In advocating for the tax, Burgess and other supporters of the legislation repeatedly cited figures from the City Budget Office that claimed the tax would raise between $300,000 and $500,000 a year. In an email to the Times this week, Burgess confessed, “During its first year, the firearms and ammunition tax payments received by the City were less than $200,000.” It is not clear how much less than $200,000 the city collected.
According to the Times, to come up with the outlandish $300,000-$500,000 figure, the City Budget Office “obtained the annual number of background checks for gun sales in Washington. Then they looked up what percentage of Washington’s licensed gun dealers were in Seattle and used that to guess the number of firearms sales in the city.” In addition to the fact that its analysis was too rudimentary to offer an accurate estimate of gun sales in Seattle, the budget office appears to have made no attempt to predict the impact the significant tax would have on the behavior of gun dealers and buyers.
Making this projection appear even more ridiculous is that the 2016 tax shortfall occurred in a year that witnessed record gun sales nationally and in the Evergreen State. In 2016, there were 713,996 NICS background checks conducted in Washington, whereas the 2015 total was 502,280. Washingtonians were buying plenty of guns in 2016, but as many predicted when the tax was proposed, not in Seattle.
The inaccuracy of City Budget Office’s projections was readily apparent to gun dealers at the time the tax was enacted. Shortly after Burgess proposed the tax, Seattle gun store owner Sergey Solyanik told the Times that he didn’t think the city’s projected revenue was realistic. Solyanik explained that should the tax pass, “I would have almost no margins, so I would pass the tax on to my customers and most people would simply not buy from me… They would go to any of the stores around Seattle — there are a large number — and I would have to close.” Another gun dealer told the Times, “The public won’t buy ammunition in Seattle anymore… When a $10 or $15 box of ammunition costs an extra five bucks, it won’t be worth it.”
In addition to speaking to the press, Solyanik took his concerns about the tax and the foolish revenue projection directly to the city council. On July 15, 2015, Solyanik told the council, “I was horrified when I see the numbers behind this proposal. Seattle is a city that has a vibrant engineering community. We would think that we would be making decisions such as this based on data. And the data that has been submitted by the proponents is completely fake.” Speaking to the council again on the day that it passed the tax, Solyanik warned, “the revenue numbers in this proposal are not real. The city is not going to get any money from this tax. The city instead will lose tax revenue on existing sales.” Solyanik went on to add, “The only real purpose of this legislation is to run gun stores out of the city. I know it, you know it, and the courts will know it.”

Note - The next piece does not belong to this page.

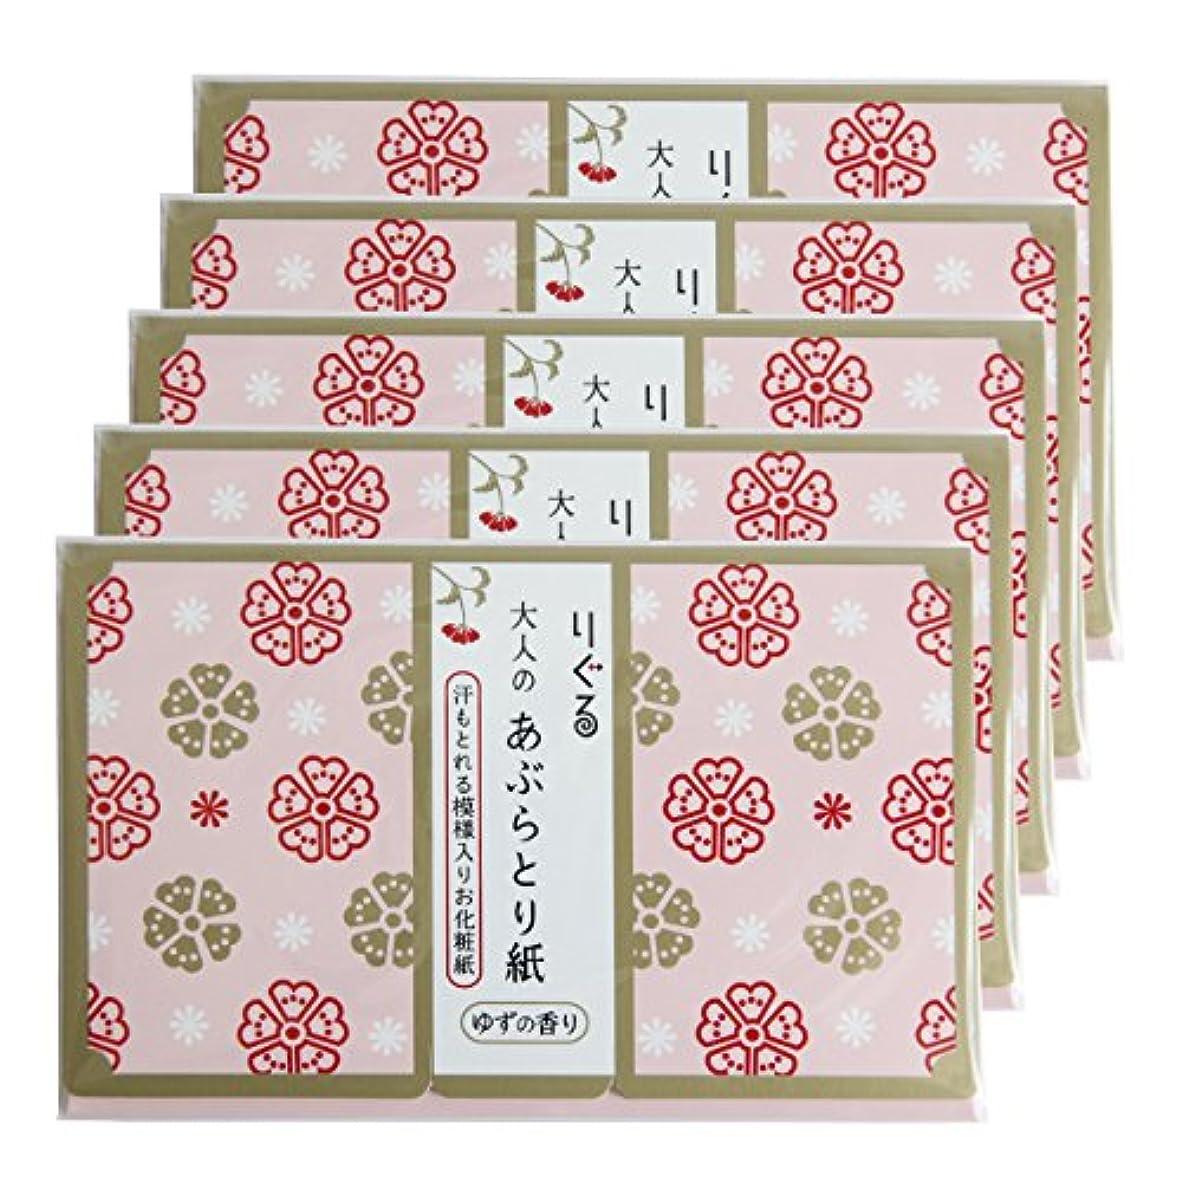 パラシュート差山りぐる 大人のあぶらとり紙 使うたびにうれしくなる ちょっと贅沢な高知県産ゆずの香りのあぶらとり紙(30枚入り) (5p)

In that effort, the city succeeded. Solyanik moved his store outside the city to avoid the tax. According to the Times, the only other dedicated gun store in Seattle has also left. Any honest accounting of the revenue collected from the tax should account for the lost revenue from these stores, and the others whose business has been curtailed by Seattle’s restriction.
Seattle’s high-profile failure has put every other anti-gun locality on notice that this type of taxation scheme is ineffective for raising revenue. Seattle’s embarrassment should make it harder for other localities to hide behind the false claim that these sorts of tax regimes are intended to raise revenue, rather than burden Second Amendment rights.